| > I also think it's a bizarre exagerration to argue that an attempted prosecution of Assage would result in "broad new powers to put Trump’s media 'enemies' in jail". I think this depends almost entirely on what Assange is prosecuted for. It's true that prosecutions of reporters began (after a post-Nixon lull) under Bush, and largely don't rely on anything that an Assange trial would determine. But there are at least two things Assange could be tried for which would seriously erode protections for reporters. The article points out that the NYT has published classified information - that's basically the problem. Those publications aren't actually guaranteed to be legal. The Pentagon Papers case rejected a prior restraint argument for barring publication, but left open both the possibility of other prior restraint suits and the possibility of simple charges for mishandling classified information. A court case against Assange could be used to set either of those precedents, settling a currently-ambiguous question about press freedoms in the US under a Supreme Court that might well walk back the NYT v US interpretation. (And Assange can be indicted while the NYT isn't because that's discretionary - the DoJ is free to charge whoever they think is most likely to get them a convenient court ruling, however hypocritical that may be.) Less likely but more even more frightening, some Congressmen have previously talked about charging Assange under the Espionage Act.
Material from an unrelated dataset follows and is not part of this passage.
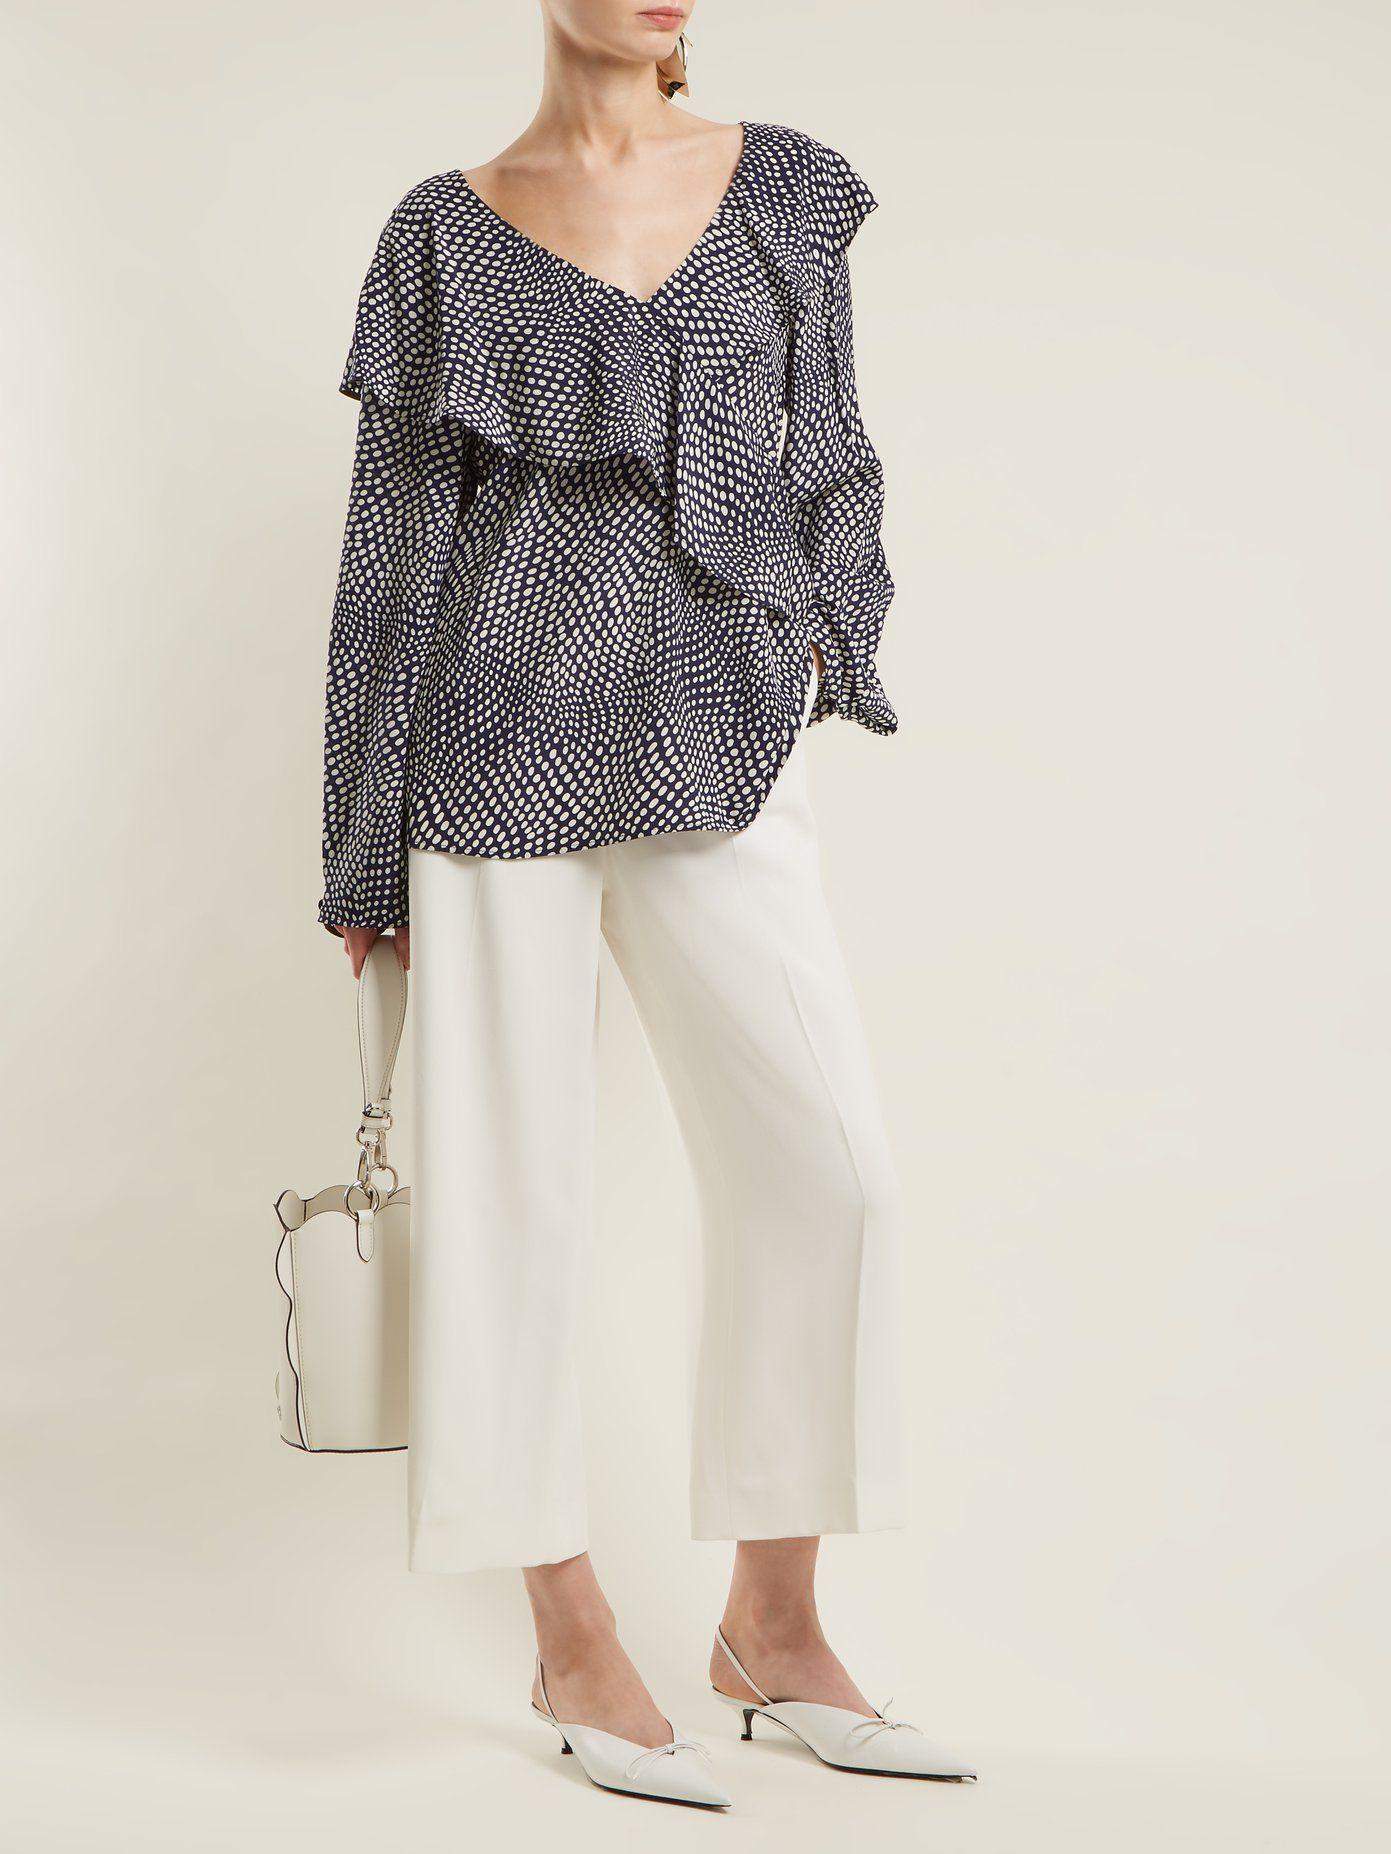 Cheap 100% Guaranteed Official Site Online Easton polka-dot print silk wrap top Diane Von Fürstenberg Cheap Comfortable Footlocker Sale Online Amazon Footaction ht9o5jM

In fact, a few people have specifically talked about having him subpoenaed without charge so that he could be extradited easily, then invoking Espionage Act once the capital punishment provision wouldn't cause complications. Convicting a non-resident non-citizen of espionage for sharing someone else's leaks would be a fairly shocking decision, but if it happened it would extend legal risk to reporters worldwide. Edit: I was wrong about the lack of precedent here. A noncitizen has already been successfully charged for acts taken outside the United States which did not involve direct access to US resources: https://en.wikipedia.org/wiki/Alfred_Zehe I haven't seriously followed what charges could be brought over the 2016/Russia question, since it seems relatively unlikely that a Trump DoJ would bring a case there. A subpoena over 2016 could potentially have come out of Congress, but that's not likely to lead to a criminal charge at present. |
The usual foreign intelligence case officer is a non-citizen, often non-resident, whose main business is soliciting, recieving, and redistributing other people's leaks of sensitive information.
It is, to say the least, not at all unheard of for such people to be convicted of espionage, as they are literally the primary target of espionage laws.
> I haven't seriously followed what charges could be brought over the 2016/Russia question, since it seems relatively unlikely that a Trump DoJ would bring a case there.
“Trump DoJ” is too simple of a model; both the Special Counsel's Office at DoJ and other DoJ offices (notably SDNY) are bringing indictments politically uncomfortable to Trump, stemming from (but not always specific to) the “2016/Russia question”.